Part 1: One Agent, Five Surfaces

The short version

Codex is OpenAI's coding agent: it writes code, understands unfamiliar codebases, reviews changes, and automates engineering work. The CLI launched in April 2025, the cloud agent a month later, and by mid-2026 it spans five surfaces. You pick the surface per task; your AGENTS.md instructions, and your plan's usage window follow you across all of them.

Terminal CLI

local

Run codex for an interactive agent in your terminal. Open source (Apache-2.0) and rewritten in Rust for speed: the repo is roughly 96% Rust. Best for hands-on local work where you watch and steer.

Cloud / Web

chatgpt.com/codex

Delegate tasks to OpenAI-managed cloud environments. Tasks run in the background, in parallel, and come back as reviewable diffs or pull requests. Connect GitHub and you can tag @codex directly in pull-request comments.

IDE extension

vs code · cursor · windsurf

The same agent inside VS Code (and Insiders), Cursor, and Windsurf via OpenAI's extension; JetBrains IDEs ship their own Codex integration. It works from your editor context, edits and runs code, and can hand longer jobs off to the cloud, then pull the finished diff back into your editor.

ChatGPT desktop app

macOS · windows

As of July 2026 Codex lives inside the ChatGPT desktop app, with direct Markdown/code editing and PR Chat for GitHub reviews. One app for chat and agentic coding.

SDK & headless

automation

codex exec runs one-shot tasks in scripts and CI, and official SDKs (@openai/codex-sdk for TypeScript, openai-codex for Python) embed the agent in your own tools. Teams reach for this surface once Codex stops being an experiment and starts running unattended in scripts and CI.
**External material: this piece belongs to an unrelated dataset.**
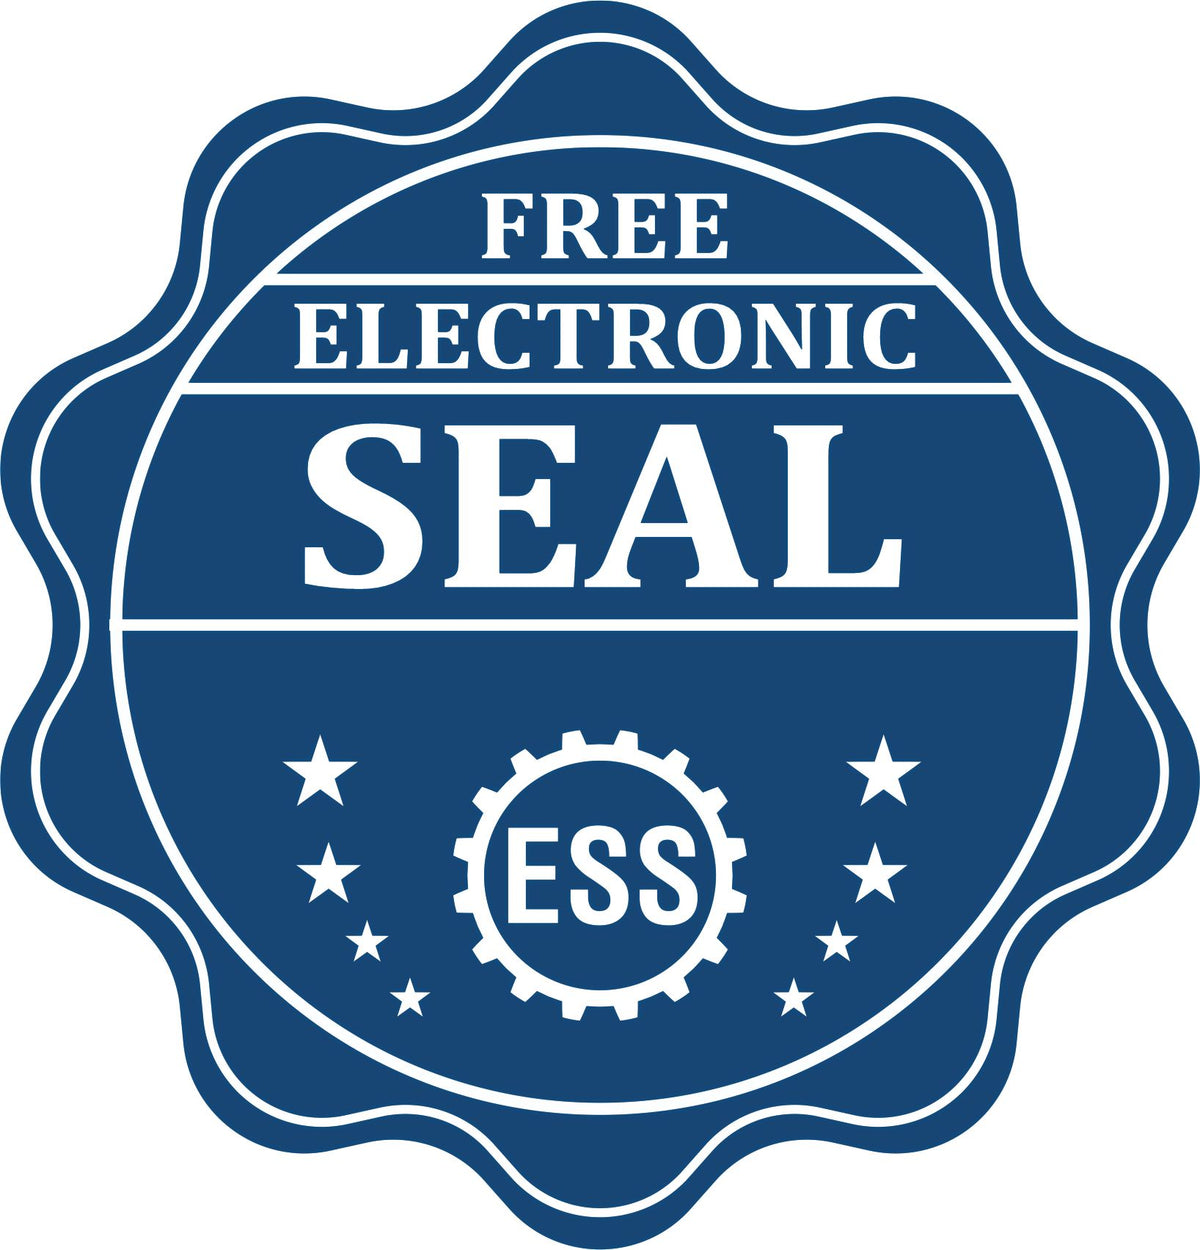 A badge showing a free electronic seal for the Hybrid Alabama Engineer Seal with stars and the ESS gear on the emblem.

Models: the GPT-5.6 family (July 2026)

GPT-5.6 spans three durable capability tiers: Sol the flagship, Terra the balanced mid-tier, and Luna the fast/cheap tier. The bare gpt-5.6 API alias routes to Sol. Reasoning effort is a separate dial (minimal → xhigh in CLI/API config; the app picker labels its levels Light through Ultra). Pick the tier first, and raise effort only when a task genuinely needs deeper reasoning; most edits don't.

ModelUse it forCodex accessAPI $ / 1M in · out
GPT-5.6 SolFlagship: hardest refactors, architecture, long agentic runsPlus / Pro / Business / Enterprise$5 / $30
GPT-5.6 TerraBalanced default: performance competitive with GPT-5.5 at half the priceAll plans (Free & Go default here)$2.50 / $15
GPT-5.6 LunaFastest and cheapest: quick edits, high-volume automation, subagentsPlus / Pro / Business / Enterprise$1 / $6

Pricing per million tokens: Sol $5 in / $30 out, Terra $2.50 / $15, Luna $1 / $6. A practical default for vibe coding: Terra for everyday edits, escalate to Sol when a task keeps failing, drop to Luna for bulk mechanical changes.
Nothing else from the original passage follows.